I have 3 more pieces of equipment I need to move into the new wood shop, and I will be ready to start making stock removal knives. I took a stock removal class last Saturday, so I have that blade ready to put a handle on. I also have a blade I purchased some time ago from Robin Dalman. And I have an unfinished blank from Dave Martell.

There is plenty of wood stacked in my shop, (see this thread). Now I need to get a little bling, (such as mosaic pins and liners), for these upcoming projects. I know of a few retailers like Alpha and USA Knife, but am wondering if any suppliers stand out from the rest.

I will be doing stock removal for now, and mostly shorter knives until I have some skill developed.

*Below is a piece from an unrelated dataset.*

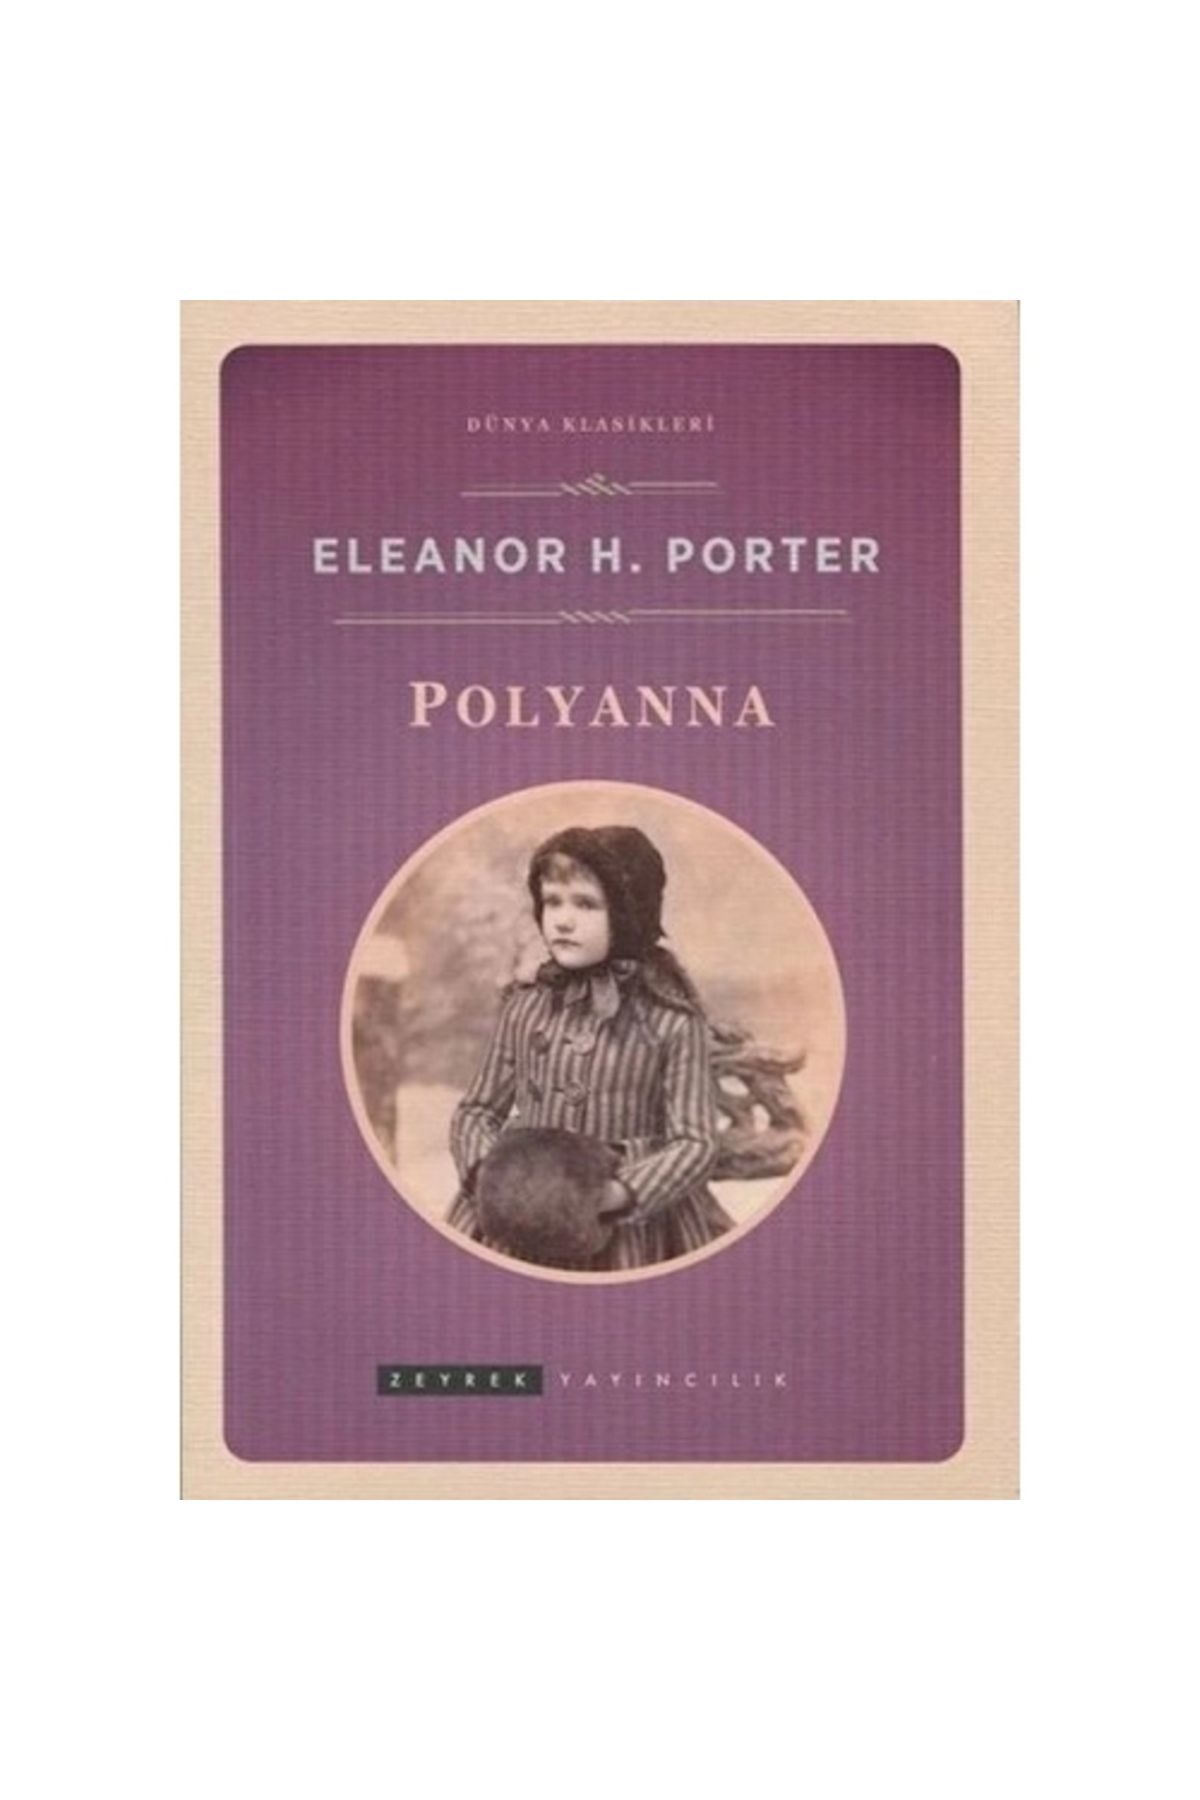 Zeyrek Yayıncılık Pollyanna

Here is the blade from the class I took.







Thanx for any info you care to share ~ Ron


----------



## RDalman (Mar 22, 2019)

I have bought from and been happy customer with knifekits and jantz - https://www.knifemaking.com/Default.asp


----------



## Tim Rowland (Mar 22, 2019)

I use a few different places online and a local shop to me in North Georgia.

https://www.alphaknifesupply.com/
https://newjerseysteelbaron.com/
https://pops-knife-supply.myshopify.com/
https://www.combatabrasives.com/
http://www.texasknife.com/vcom/index.php
https://www.knifemaking.com/
https://www.oldetownecutlery.com/


----------



## RonB (Mar 24, 2019)

Thanx for the info guys.


----------



## milkbaby (Mar 24, 2019)

Knife and gun finishing supplies are famous for their wood stabilizing service but also sell other knife stuff:
www.knifeandgun.com

Maker material supply sells a bunch of stuff plus Hitachi steel:
www.makermaterialsupply.com


----------